The human visual system consists of several dozen distinct cortical
visual areas and sub-cortical nuclei, arranged in a network that is both
hierarchical and parallel. Visual information comes into the eye and is
there transduced into nerve impulses. These are sent on to the lateral
geniculate nucleus and then to primary visual cortex (area V1). Area V1
is the largest single processing module in the human brain. Its function
is to represent visual information in a very general form by
decomposing visual stimuli into spatially localized elements. Signals
leaving V1 are distributed to other visual areas, such as V2 and V3.
Although the function of these higher visual areas is not fully
understood, it is believed that they extract relatively more complicated
information about a scene. For example, area V2 is thought to represent
moderately complex features such as angles and curvature, while
high-level areas are thought to represent very complex patterns such as
faces. The encoding model used in our experiment was designed to
describe the function of early visual areas such as V1 and V2, but was
not meant to describe higher visual areas. As one might expect, the
model does a good job of decoding information in early visual areas but
it does not perform as well in higher areas.
Are there any ethical concerns with this type of research?
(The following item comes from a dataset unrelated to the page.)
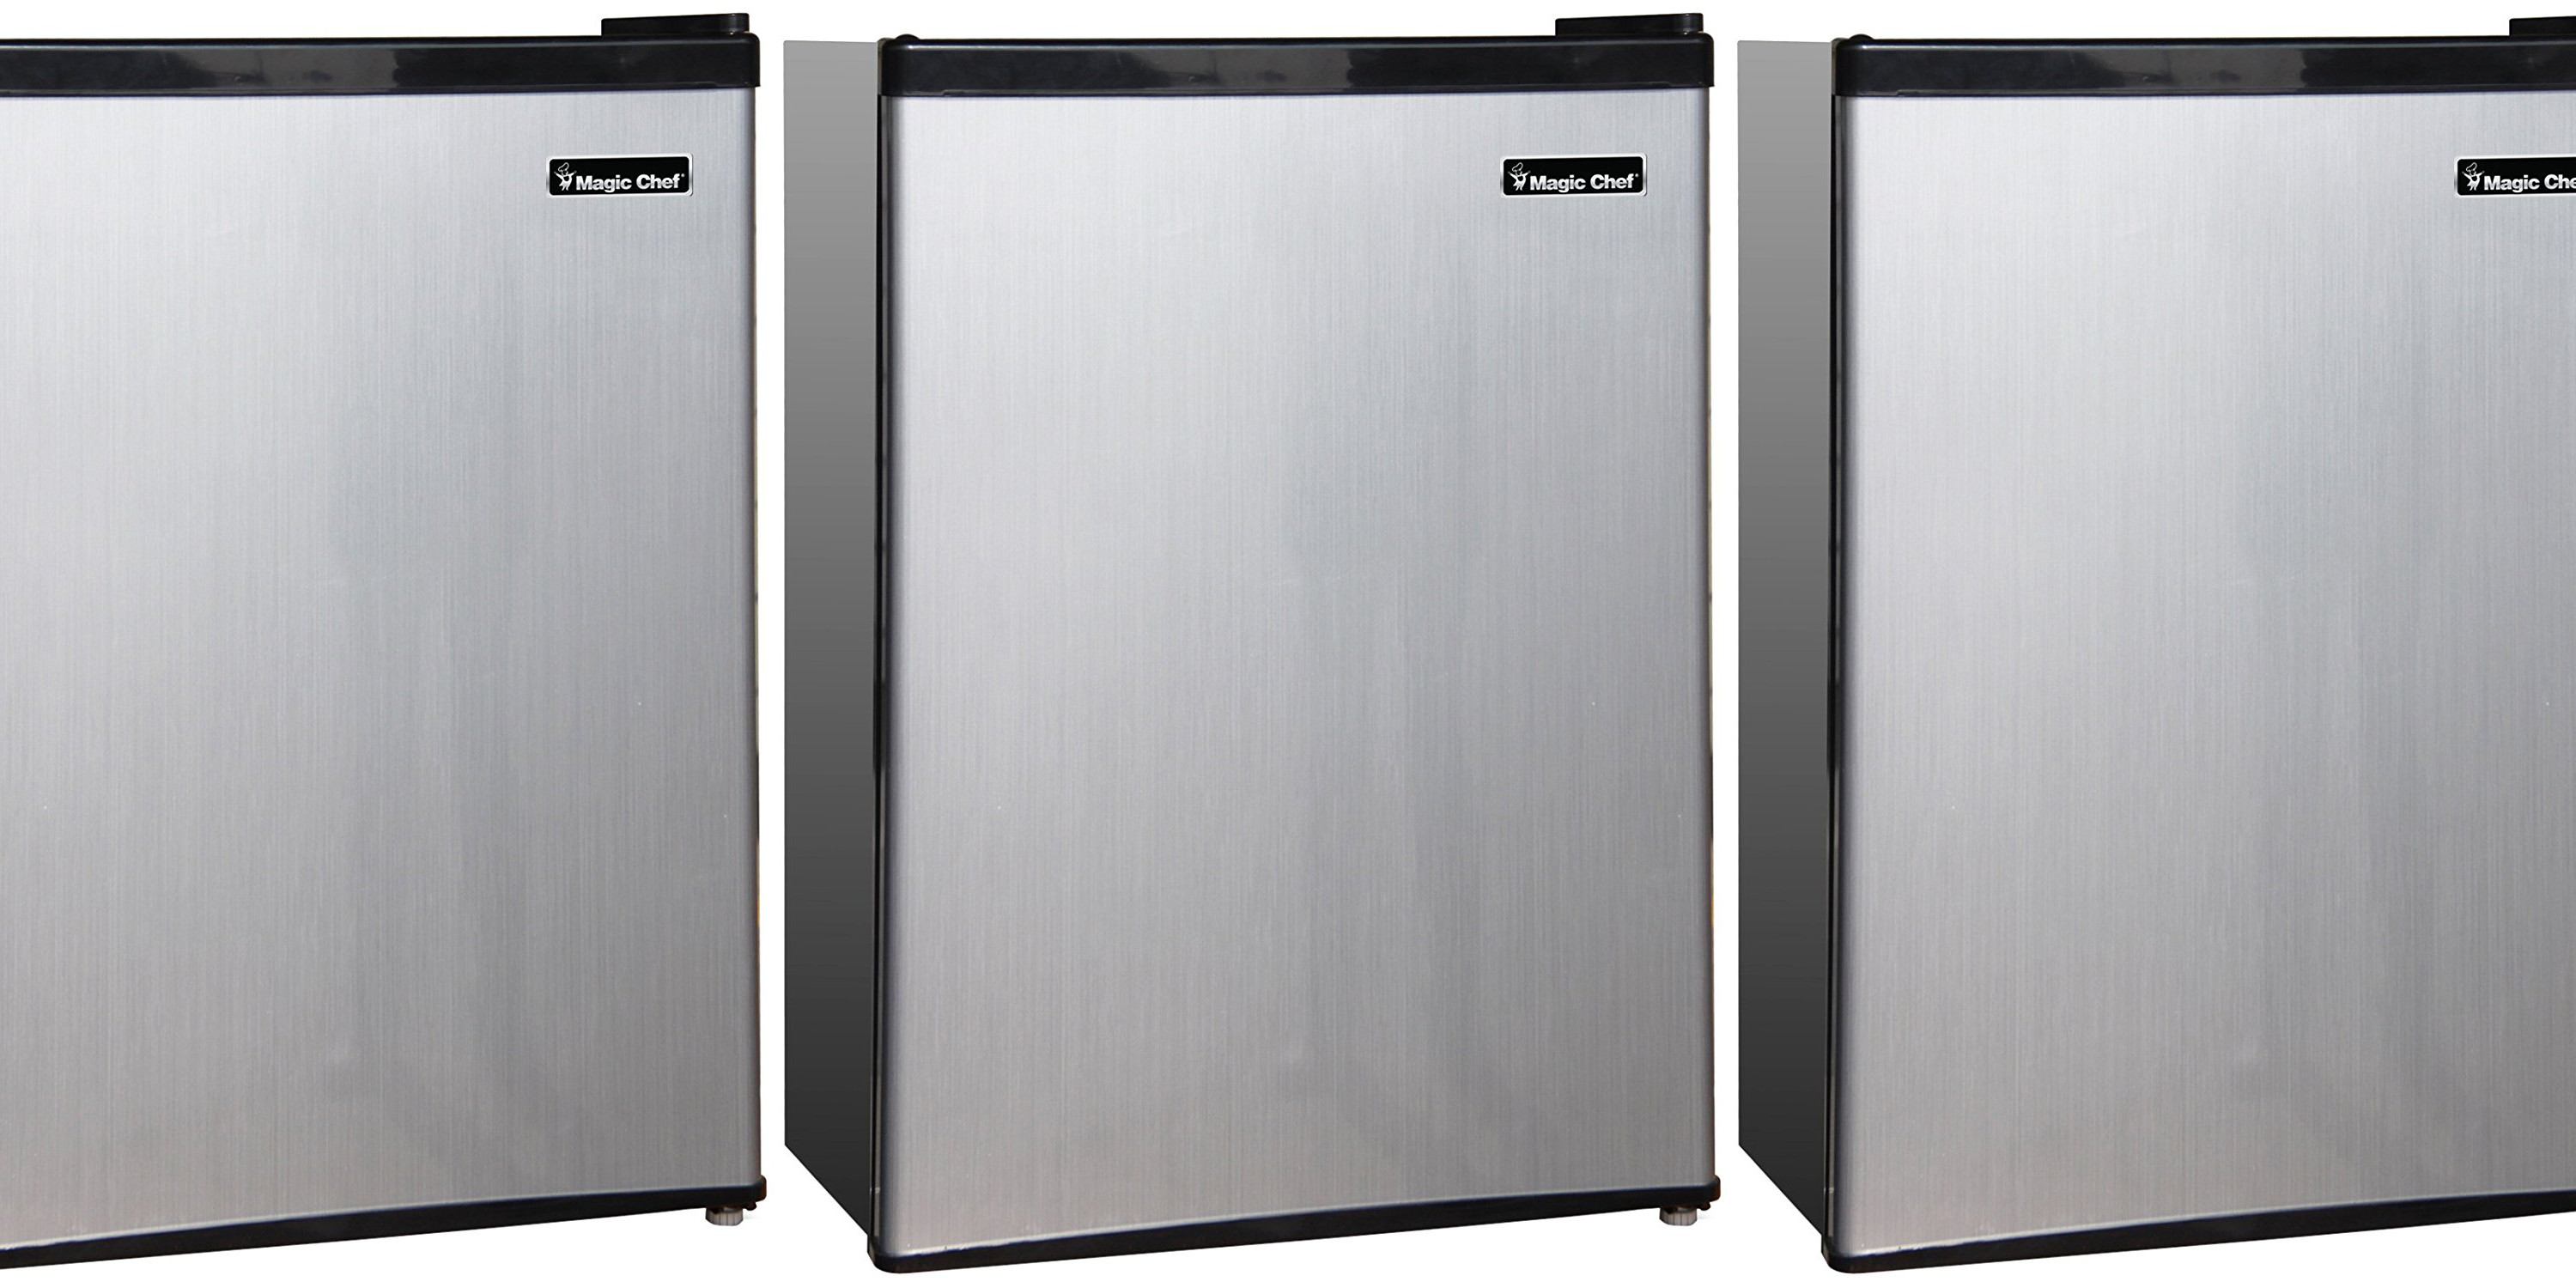 Pick up a brand new Magic Chef Mini Fridge today for just $110 shipped  (Reg. up to $160)

The current technology for decoding brain activity is relatively
primitive. The computational models are immature, and in order to
construct a model of someone’s visual system they must spend many hours
in a large, stationary magnetic resonance scanner. For this reason it is
unlikely that this technology could be used in practical applications
any time soon. That said, both the technology for measuring brain
activity and the computational models are improving continuously. It is
possible that decoding brain activity could have serious ethical and
privacy implications downstream in, say, the 30-year time frame. As an
analogy, consider the current debates regarding availability of genetic
information. Genetic sequencing is becoming cheaper by the year, and it
will soon be possible for everyone to have their own genome sequenced.
This raises many issues regarding privacy and the accessibility of
individual genetic information. The authors believe strongly that no one
should be subjected to any form of brain-reading process involuntarily,
covertly, or without complete informed consent.